Archive for January, 2008
3 design-based strategies for beating an economic downturn (Part 3)
The strategies, as mentioned in the previous post:
- Innovate your way out
- Optimise, to squeeze more from what you have
- Cut costs by improving the customer experience
Let's take a look at strategy 3.
Cut costs by improving the customer experience
Customer experience got a mention in the previous post. It's the idea that every interaction that a customer has with your organisation, via whatever channel, contributes to the impression they form of your brand. Your branding and advertising makes a promise. Customer experience is about delivering on it.
There are two ways to use customer experience design to save money:
- Encourage your customers to migrate to lower cost channels
- Reduce the overall service load by building a customer experience that works
Encourage your customers to migrate to lower cost channels
Many businesses have found that the web is now channel to market. That's great, customers love the flexibility and business love the cost savings. So, to reduce costs in a downturn, make sure that your customers migrate to the channels that cost you less. Hardly rocket science.
But actually getting customers to migrate can pose a challenge. How do you persuade them to move?
Some businesses have been known to deliberately increase call queuing times to encourage customers to try online self service. This is a good way to annoy customers. Others have tried customer education campaigns - generally a good way to bore customers. In reality you can't force people to use a channel they don’t want to. You can only entice them with a great website customer experience.

A great example: British Airways. Their strategy is to reduce the number of staff on check-in desks. To do that, they need to reduce the duration of each customer check-in. And to do that, they need to get customers to adopt online check-in. The BA.com website has been steadily optimised over the years. It has reached the point now where I actively choose to fly BA, just so that I can use their online check-in. It's easy and clear, you can select your seat easily, and you get to zip through check-in quickly.
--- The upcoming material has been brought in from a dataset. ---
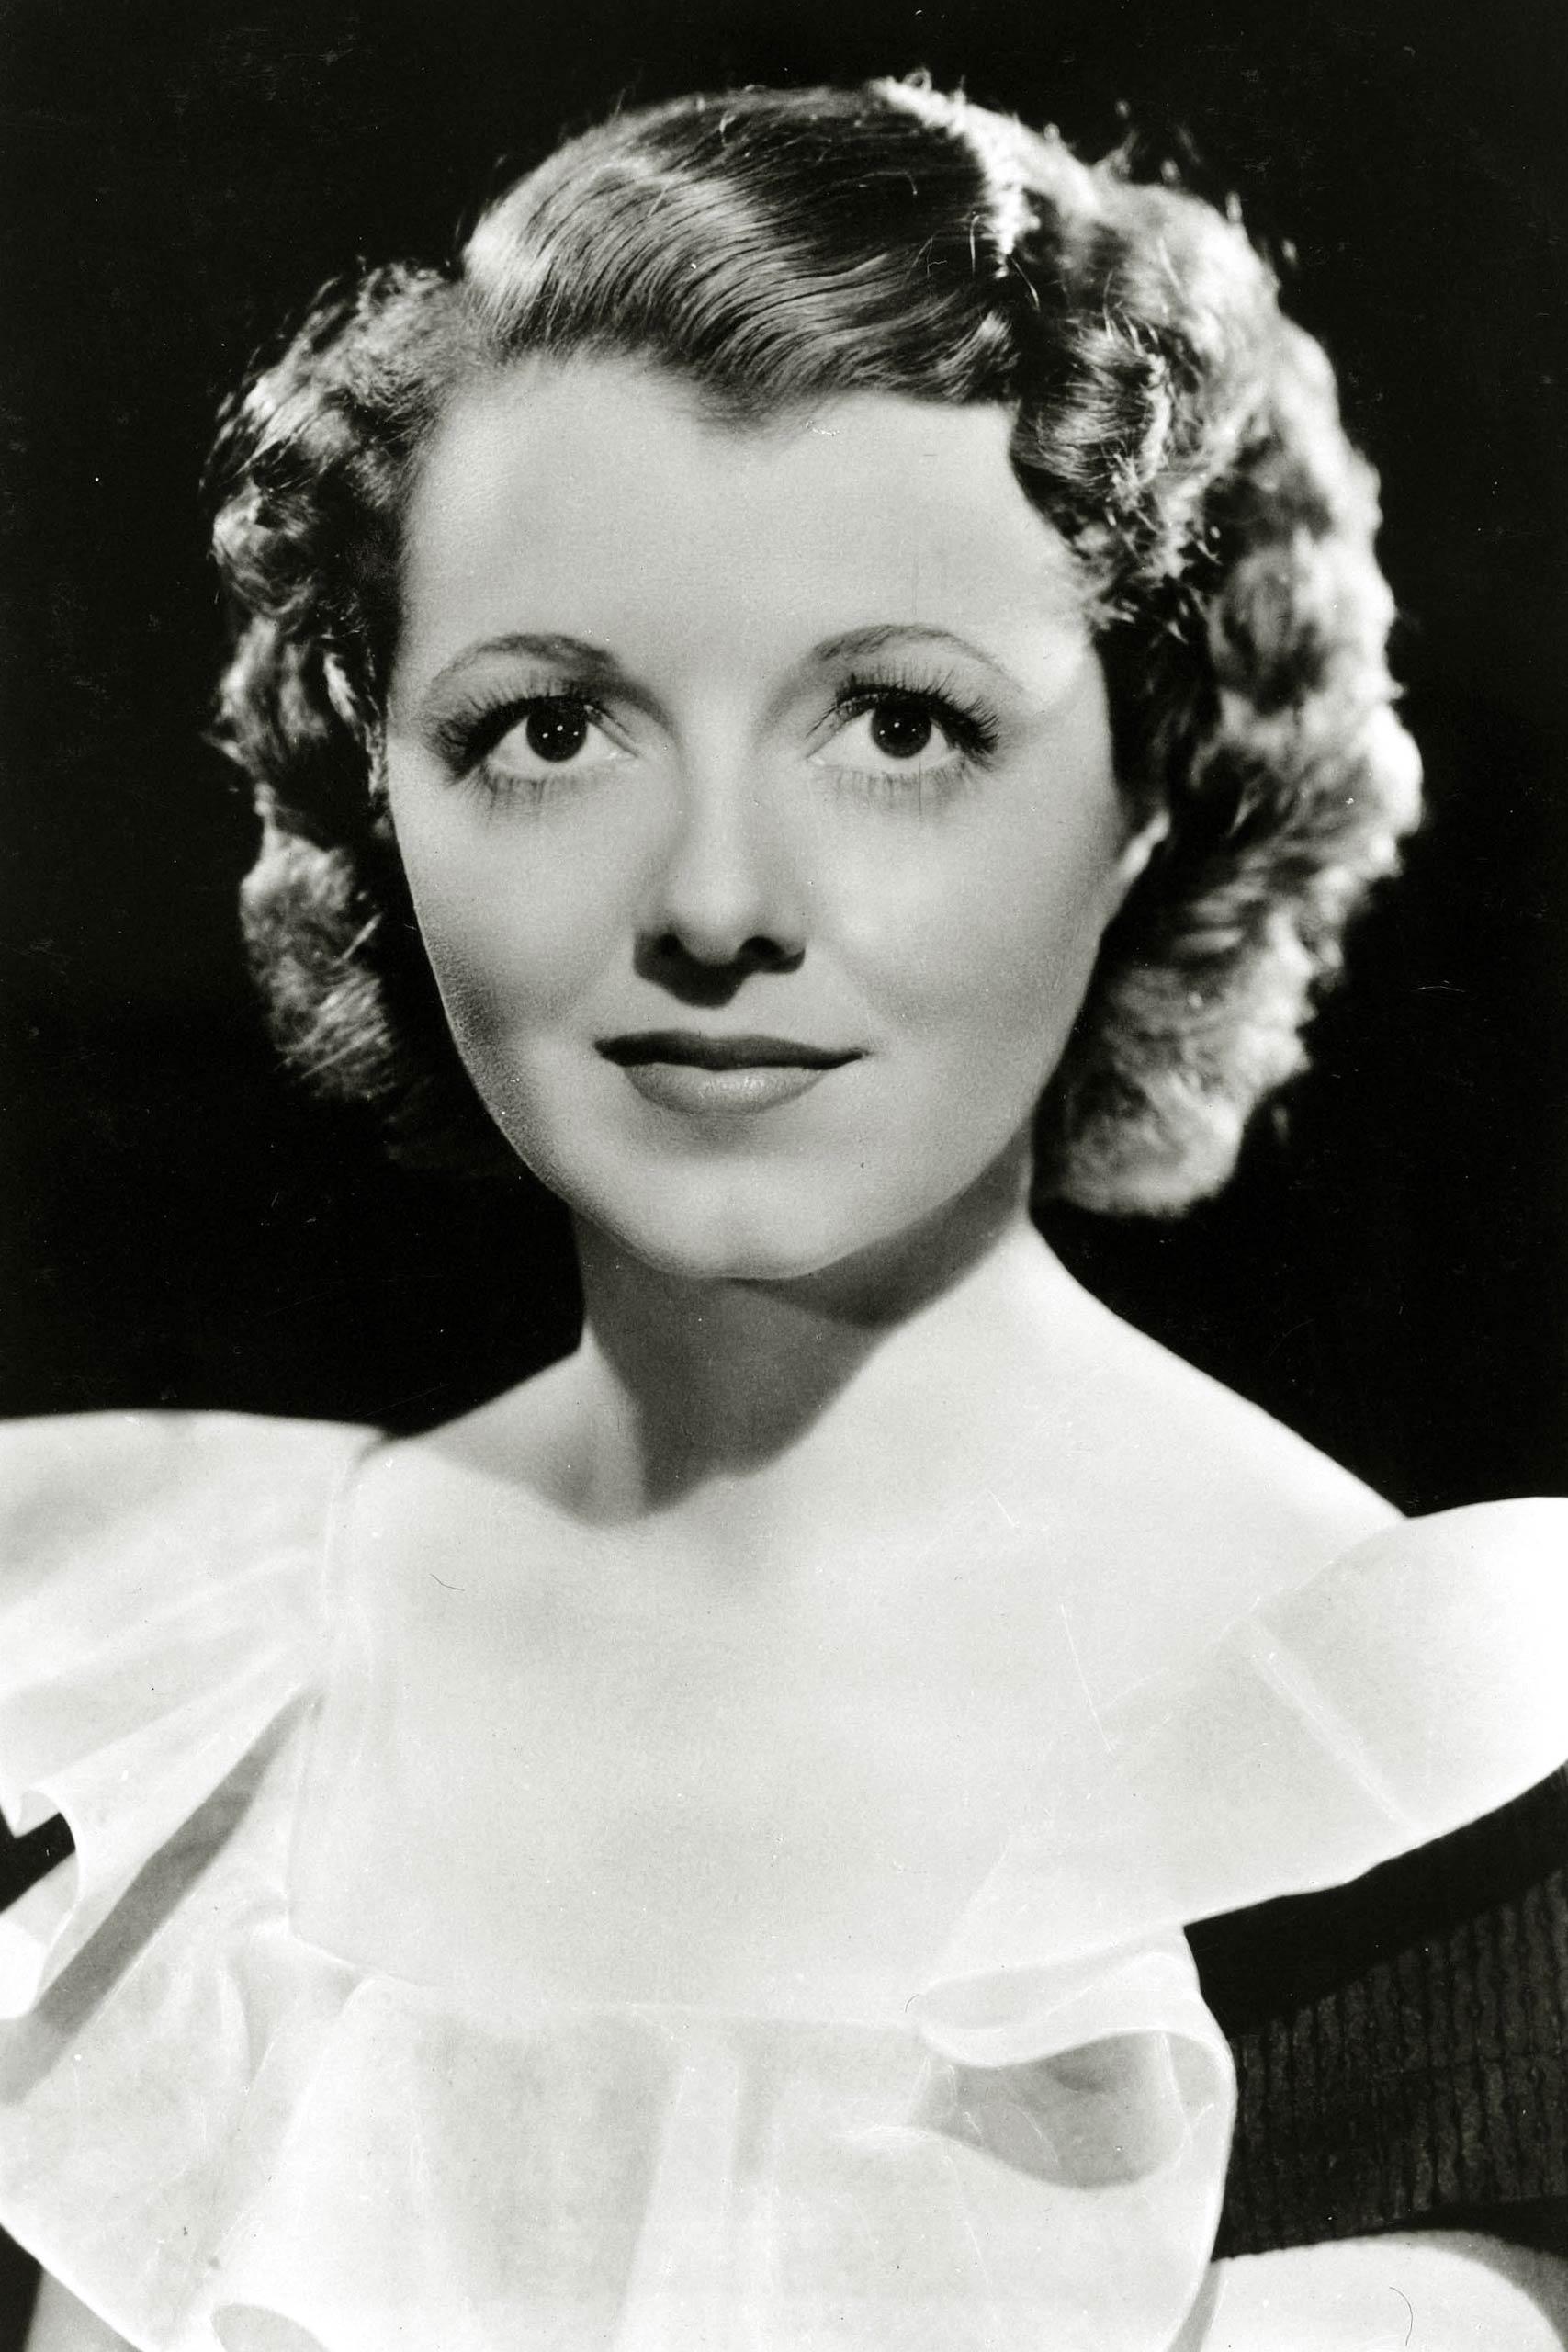 <strong>1929: Janet Gaynor - <i>Street Angel</i>, <i>Sunrise</i> and <i>7th Heaven</i></strong>

They've enticed me to use their online channel and everyone wins.
Reduce the overall service load by building a continuous customer experience
When things go wrong, customers want to talk to a human being quickly and set things straight. Enabling human contact is a reality of delivering a good overall customer experience. But a typical call centre call can cost between 7 and 20 pounds to handle, when you factor in facilities, training, salary and benefits. So avoiding the events that generate call customer service calls is very important for controlling costs.
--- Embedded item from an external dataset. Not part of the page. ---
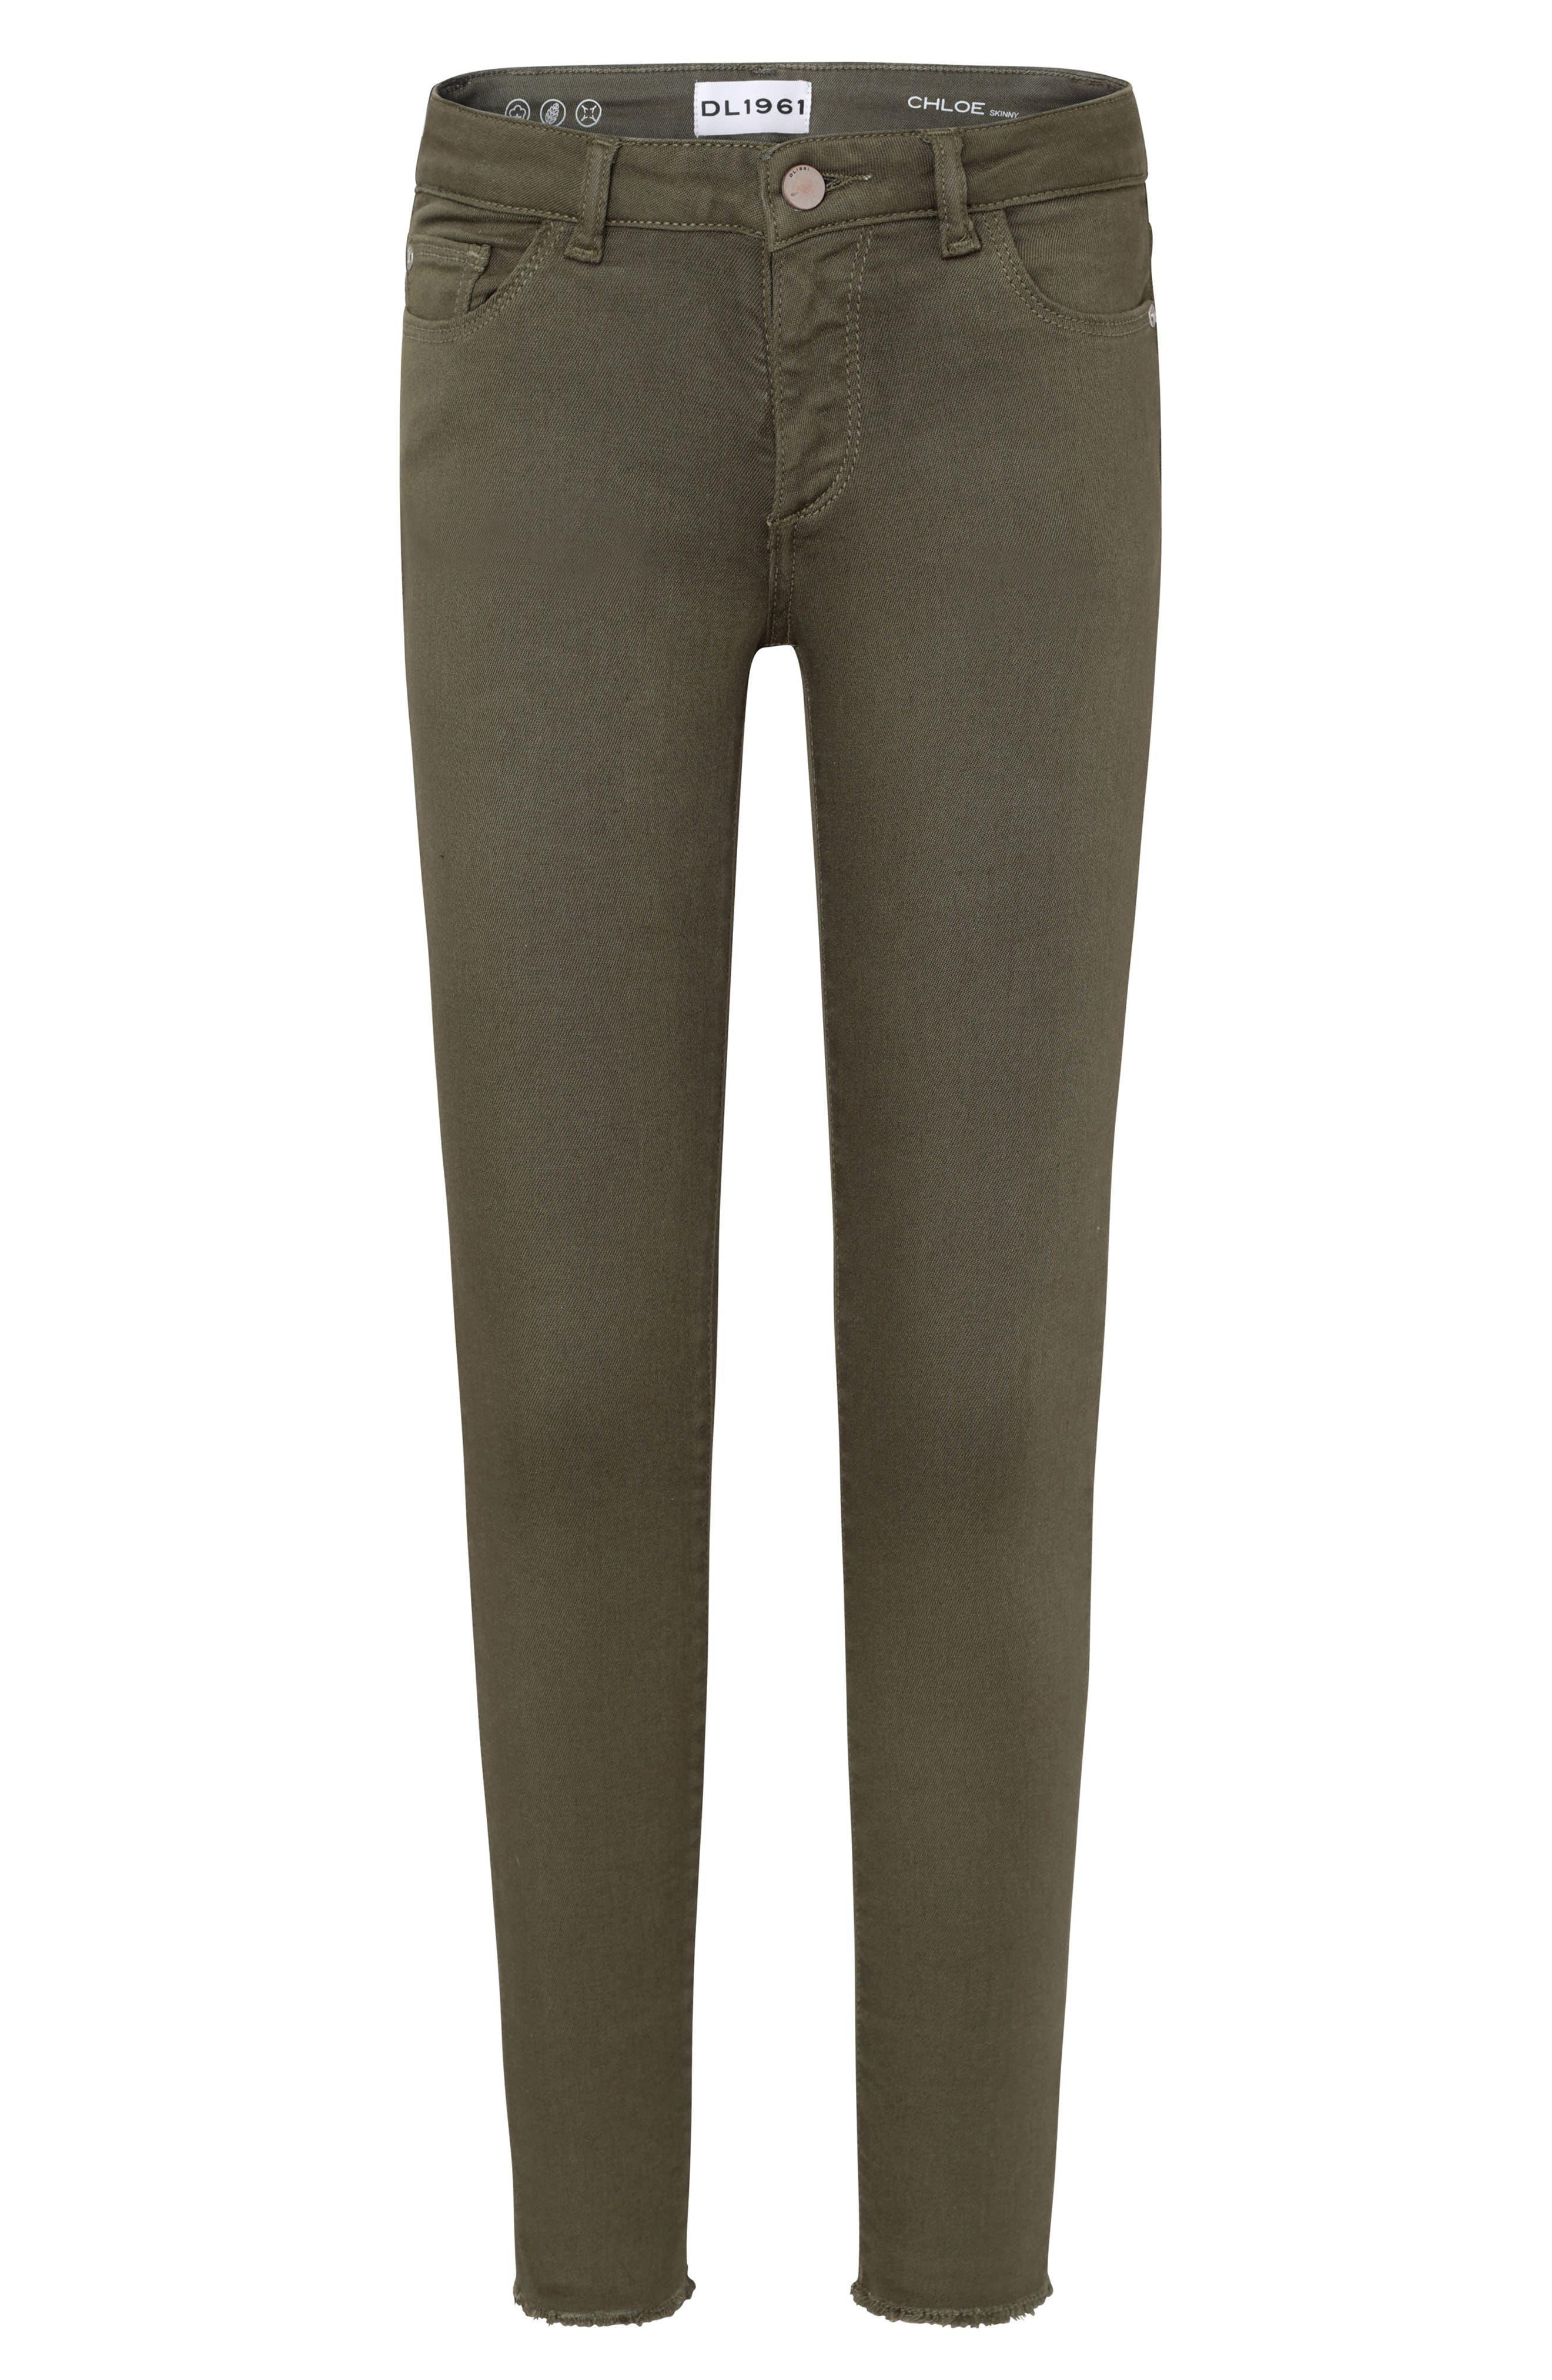 DL1961 Raw Hem Skinny Jeans, Main, color, CAMO GREEN

Customers call when they encounter a breakdown in the continuity of a customer experience. A breakdown can occur at different levels:
- Within channel: Eg. One member of staff has no information about a previous conversation with a customer. This kind of stuff is quite rare, mercifully.
- Between channels: In one project, Flow found that customers referred to the online channel found registration so difficult and confusing, they had to call the call centre back to get help.
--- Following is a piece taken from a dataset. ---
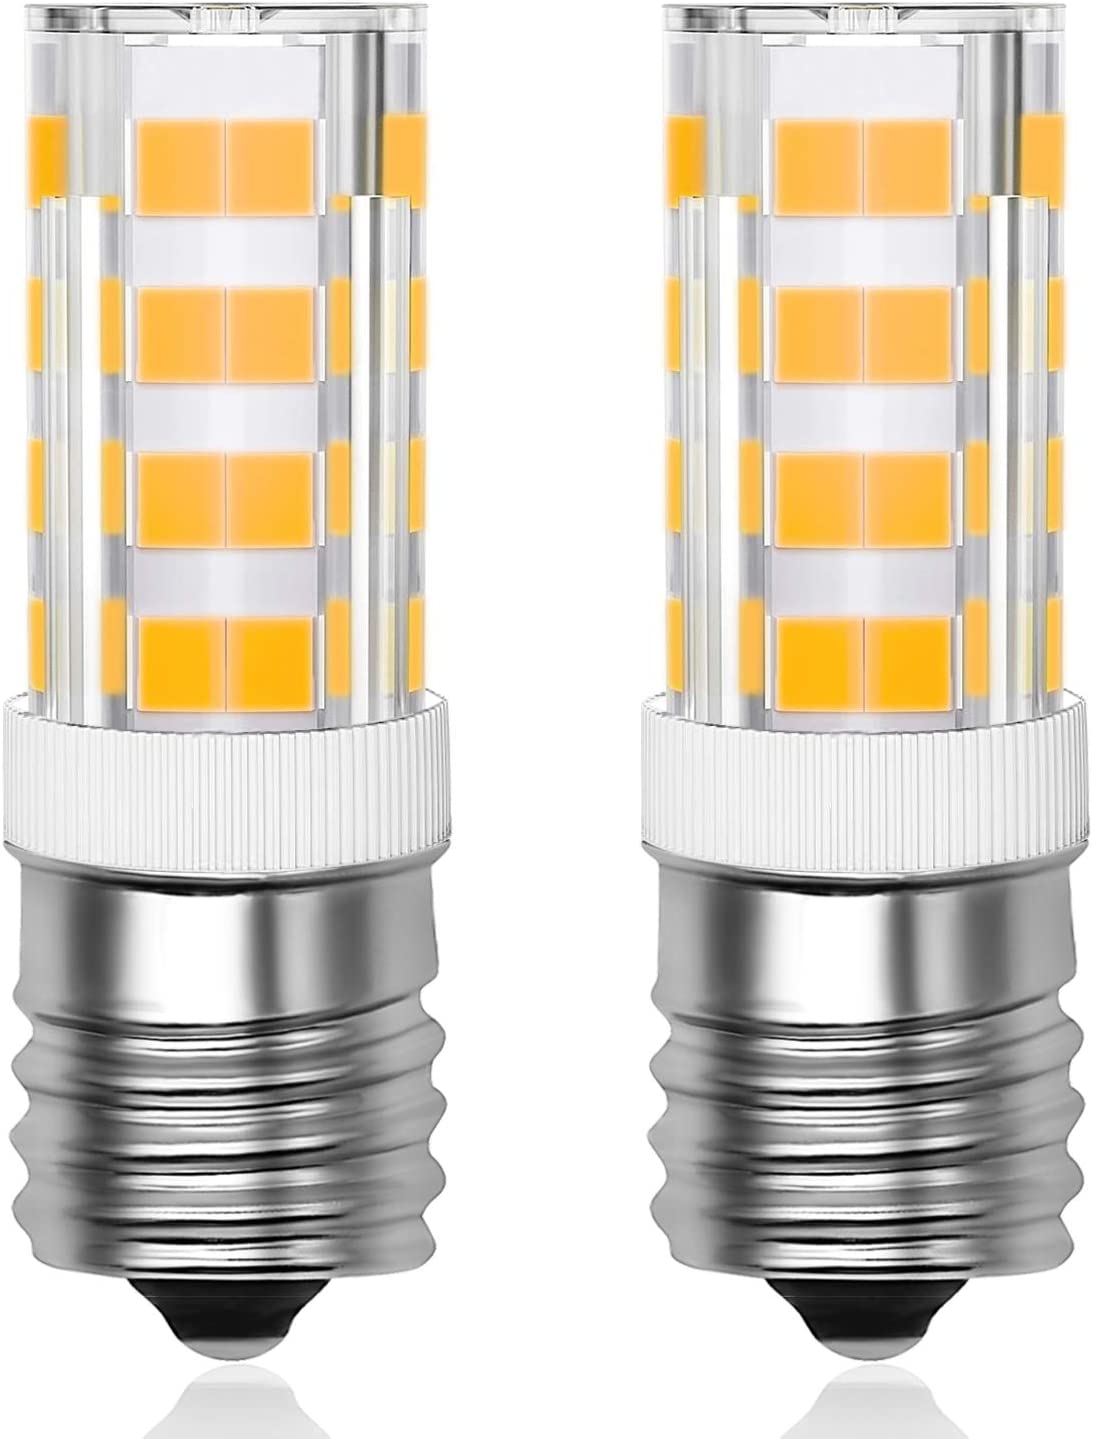 Primeswift E17 LED Bulb Microwave Oven Light Stove Bulb Light 4W Warm White Non-dimmable 3000K AC110-130V,2 Pack

- Between organisations: In one Flow project, we discovered that customers could not top up their mobile phone accounts because the 3rd party retailer they had bought from had not correctly registered the sim card and provided the customer with a PIN. Another example: incorrect payment details on an airline website generated calls to a the airline, but also to the customers banks.
How to build a continuous customer experience:
- Hunt down the discontinuities. Look at call centre logs. Look at website logs. Interview retail staff. Run a research project to get "mystery shoppers" or real consumers to try the process out for you.
- Work out the cost of the discontinuities. How many calls does it take to address the problem? What opportunity is missed if the customer fails to resolve the issue? How many customers are encountering the problem? Multiplying the numbers up will give you a rationale and a business case for choosing particular problems to address.
- Fix the discontinuity. Often, a small fix makes a big difference. Making sure a piece of information is made available in the right place at the right time often does wonders. But sometimes the fix will require major system alterations. If those changes can't be justified or undertaken in the short term, look for a way to patch the service: a work-around. (I blogged an amusing example of this a while back: Microsoft's new software boxes are hard to open, so Microsoft patched the issue and published instructions online).
- Measure the results. To prove the project made a difference, look for reductions in the relevant call types. Look for increases in usage of the problem channel. And the most powerful evidence of all: look for improvements in your bottom line.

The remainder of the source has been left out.